Language Skills Having to reiterate what you have read in different words exercises your range of vocabulary. You have to solve the problem of how to say the original statement in different words and still represent its meaning accurately. Expressing your understanding accurately relies on the precision of your diction. The transformation of poetry, which is lineated, into clear, easy-to-read prose activates not only your range of vocabulary, but also your skills in sentence composition.

Reveals your reading fluency If, when I’m marking your exam, I see that you misunderstood the poem, the paraphrase shows me exactly where things went awry. For example, did you misunderstand a word? Did you take a metaphor literally? Did you think a hyphen was a dash? Did you misunderstand a statement because of an unusual grammatical structure? (These are actual errors from past exams.) I can then take the type of error into consideration, and I can consider your line of thinking as I follow the logic of your answers to the subsequent questions.

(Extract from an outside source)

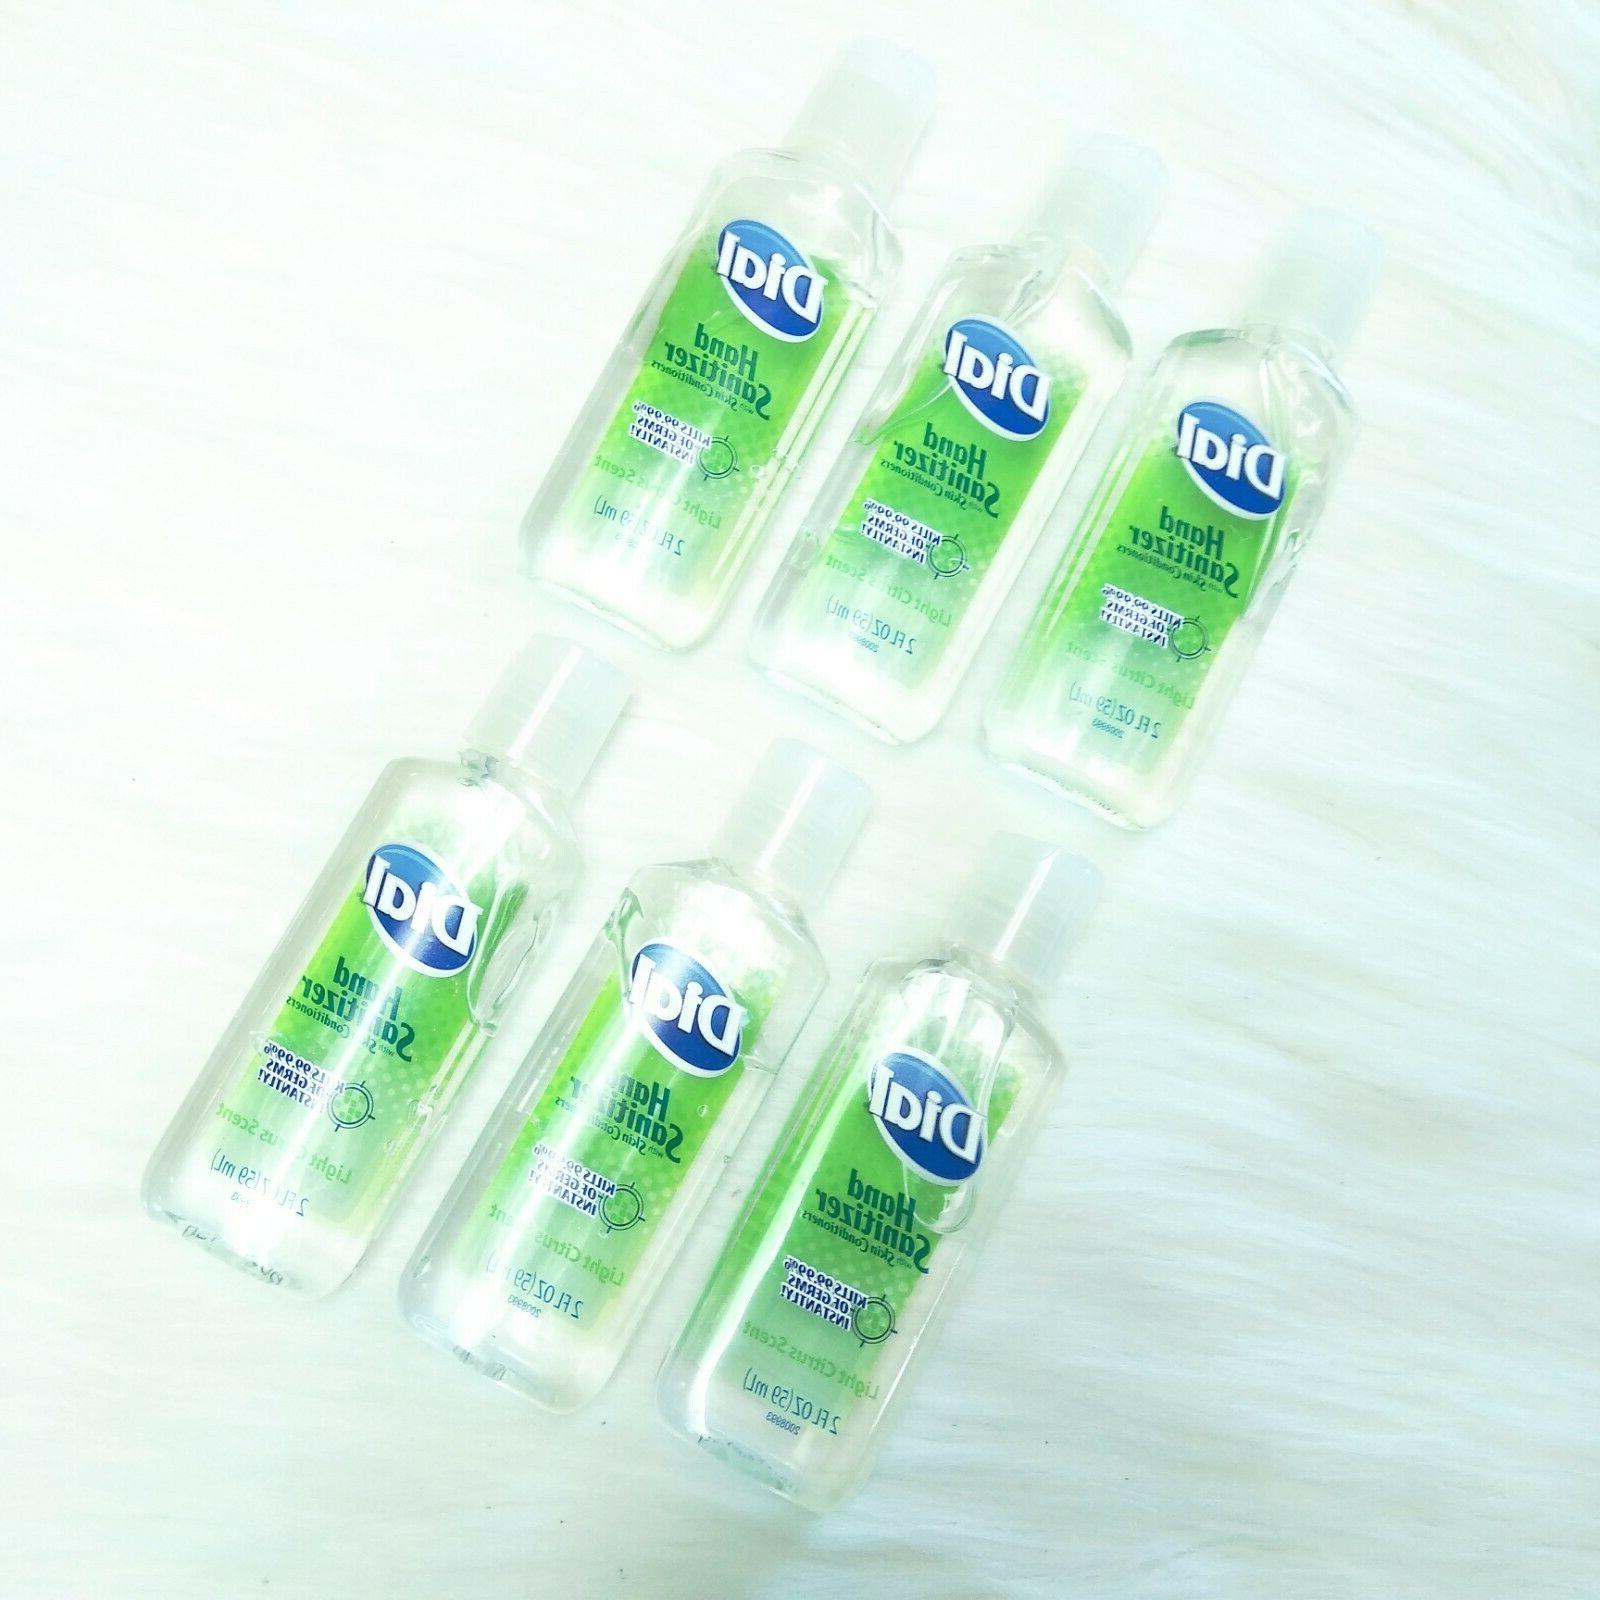 6 antibacterial hand sanitizer w skin conditioner

Here’s a sample stanza to paraphrase. A free bird leaps on the back of the wind and floats downstream till the current ends and dips his wing in the orange sun rays and dares to claim the sky.

Sample Paraphrase The stanza is seven lines long, but it’s a sentence: it starts with a capital letter and ends with a period. Let’s see if we can paraphrase it in one sentence: A bird that’s free rides the wind; it lets itself be carried by a steam all the way to its end; it luxuriates in flight, swaying and tipping its wing into amber sunlight; and it boldly proclaims that it owns the sky.

Don’t worry... How did you do? I didn’t change each and every word because I didn’t want it to sound weird. It’s nice if you can make your sentences sound as musical as the poem, but you don’t really have to. You’re just trying to show that you understand the poem’s statements, you have the vocabulary to put them into different words, and you can reword the them into complete, correct, properly-punctuated sentences!